#### [DATA SEGMENT]
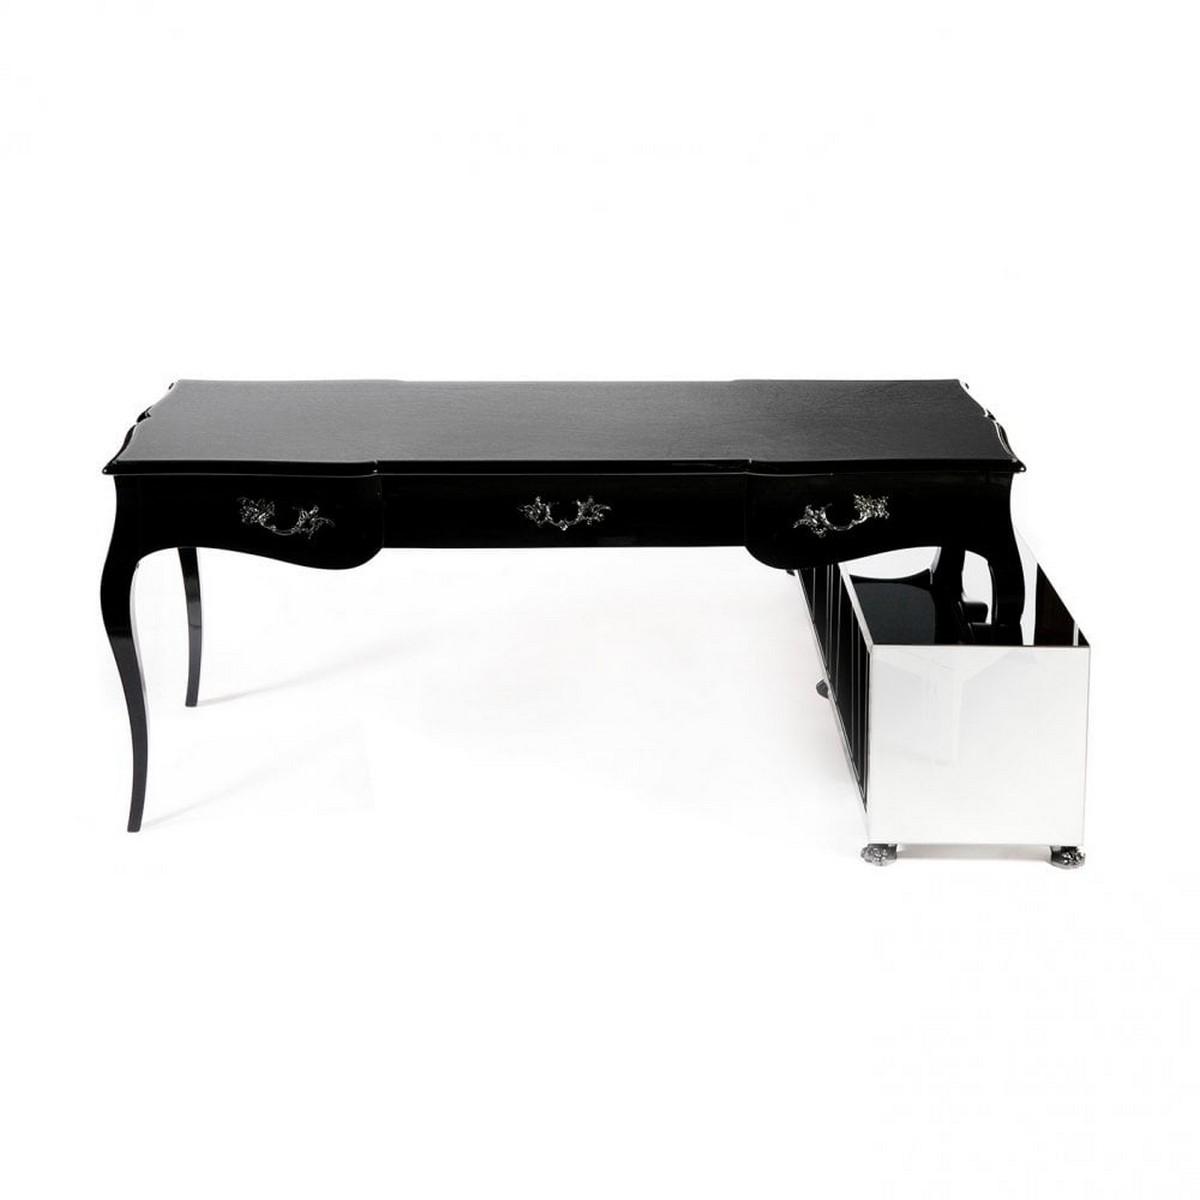 Top Bespoke Luxury Desks luxury desks Top Bespoke Luxury Desks boulevard
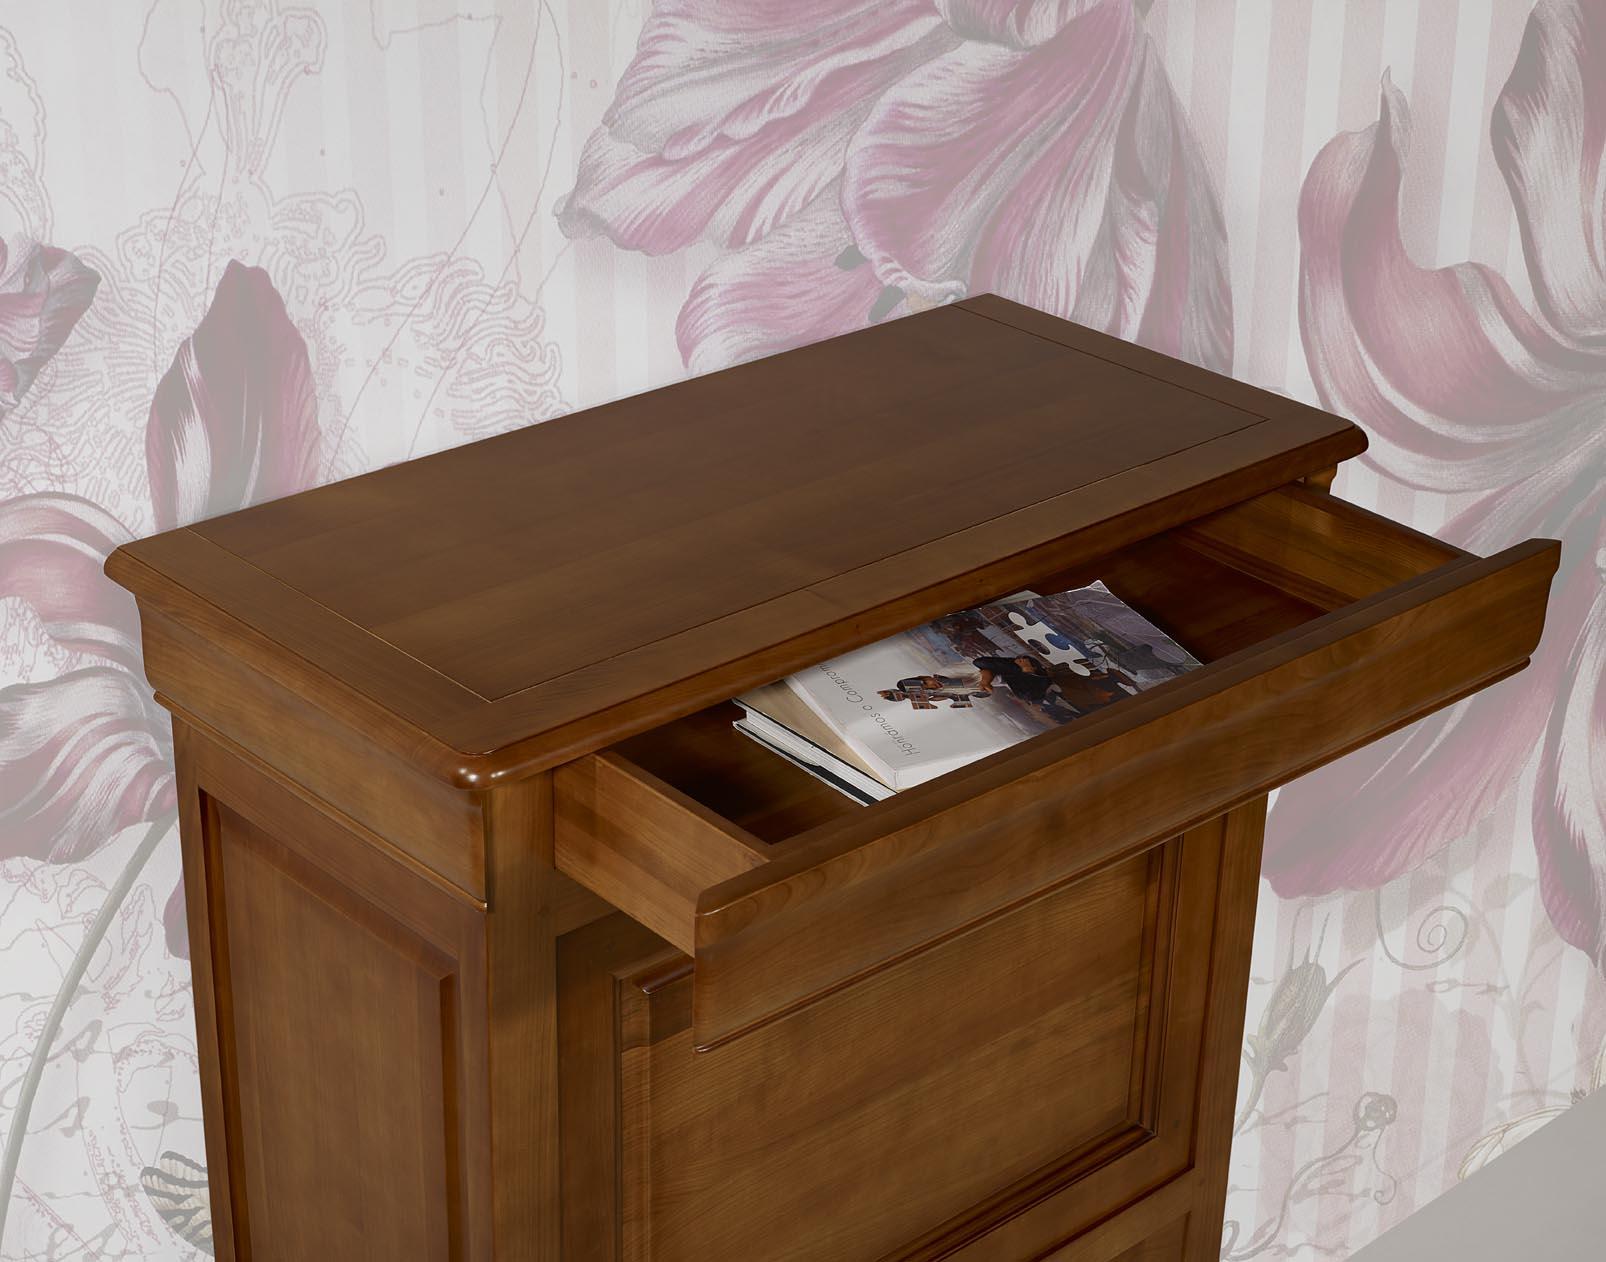 secr taire en merisier massif de style louis philippe meuble en merisier massif. Black Bedroom Furniture Sets. Home Design Ideas
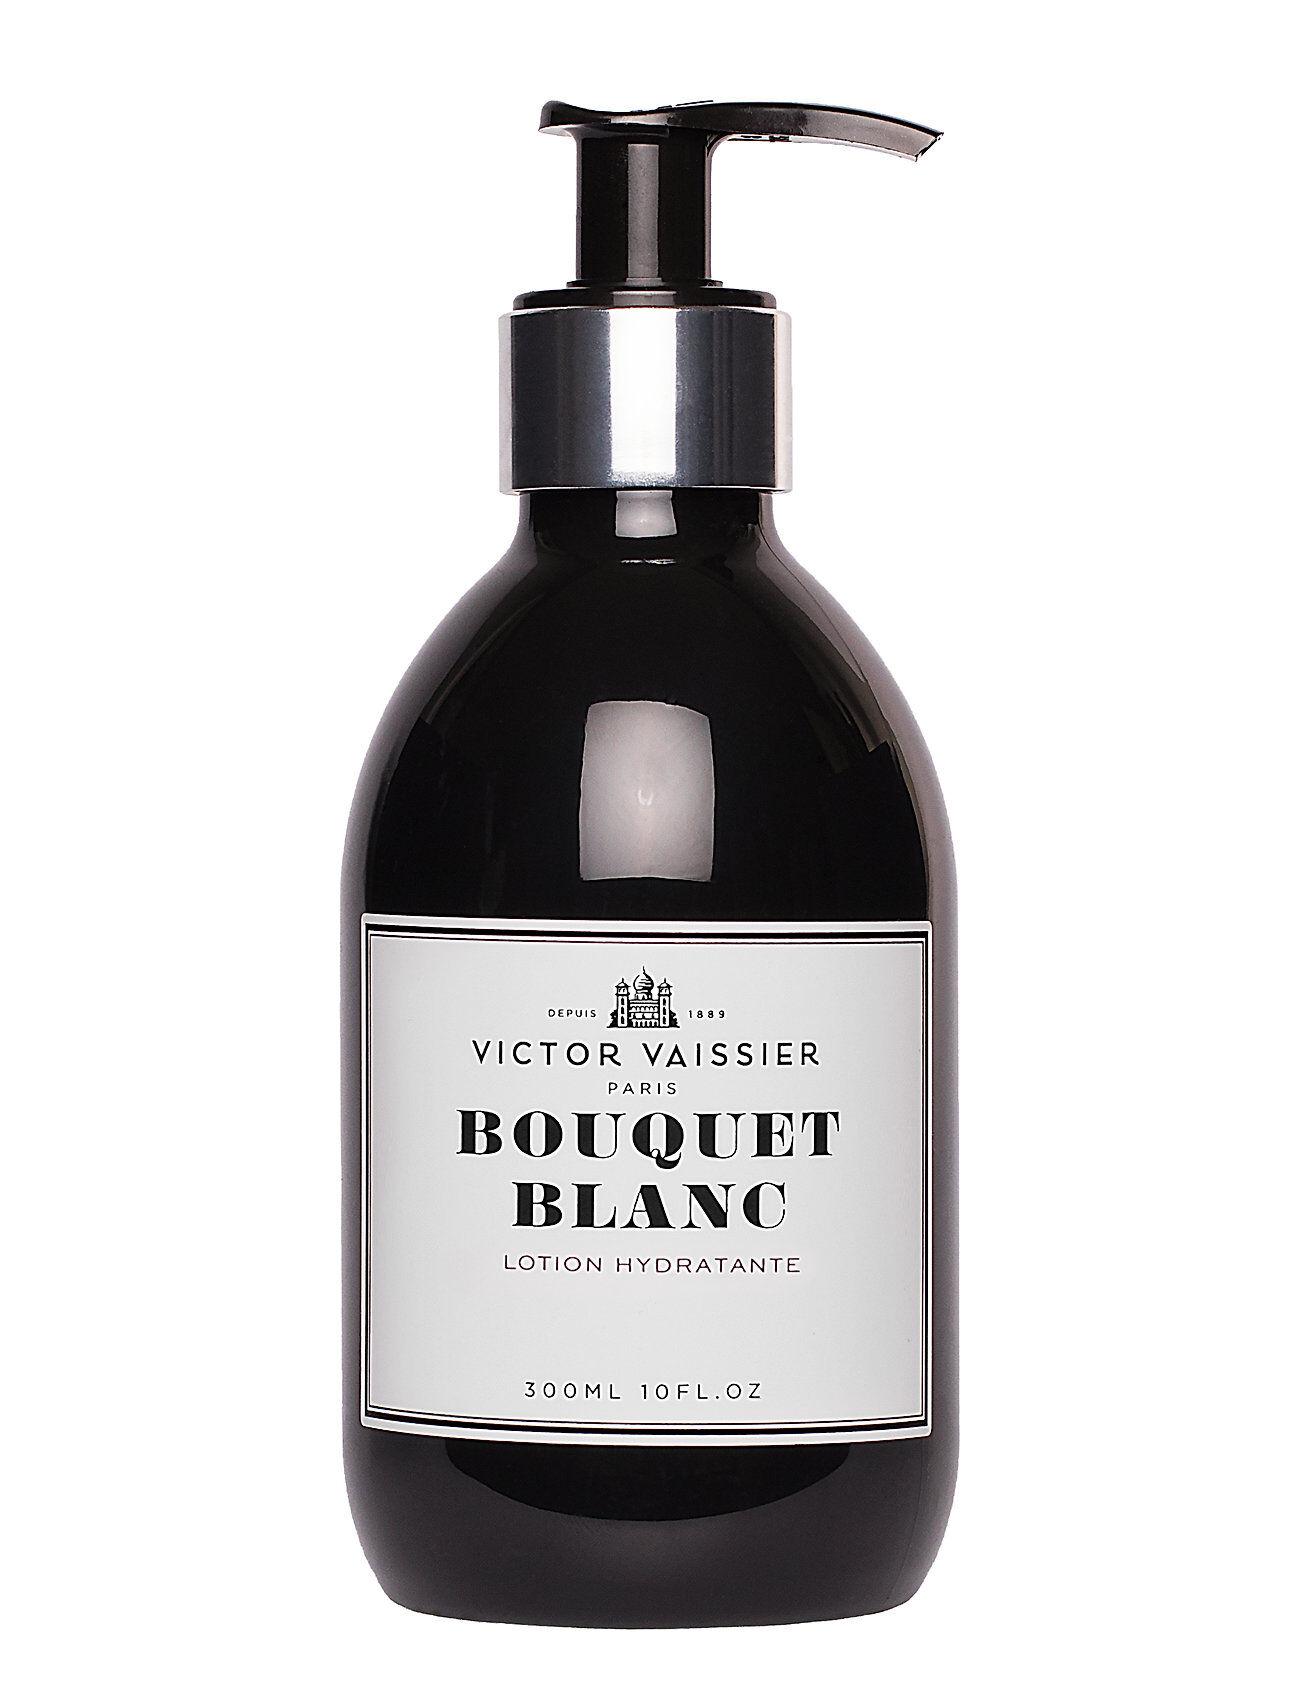 Victor Vaissier Hydrating Lotion Bouquet Blanc Kosteusvoide Vartalo Nude Victor Vaissier

#### [DIRECTIONS FOR THIS TASK]
Every line from the one containing "secr taire en" to the end of the material above is to be returned exactly, with the pictures left out.

#### [EXPECTED ANSWER]
 secr taire en merisier massif de style louis philippe meuble en merisier massif. Black Bedroom Furniture Sets. Home Design Ideas
 Victor Vaissier Hydrating Lotion Bouquet Blanc Kosteusvoide Vartalo Nude Victor Vaissier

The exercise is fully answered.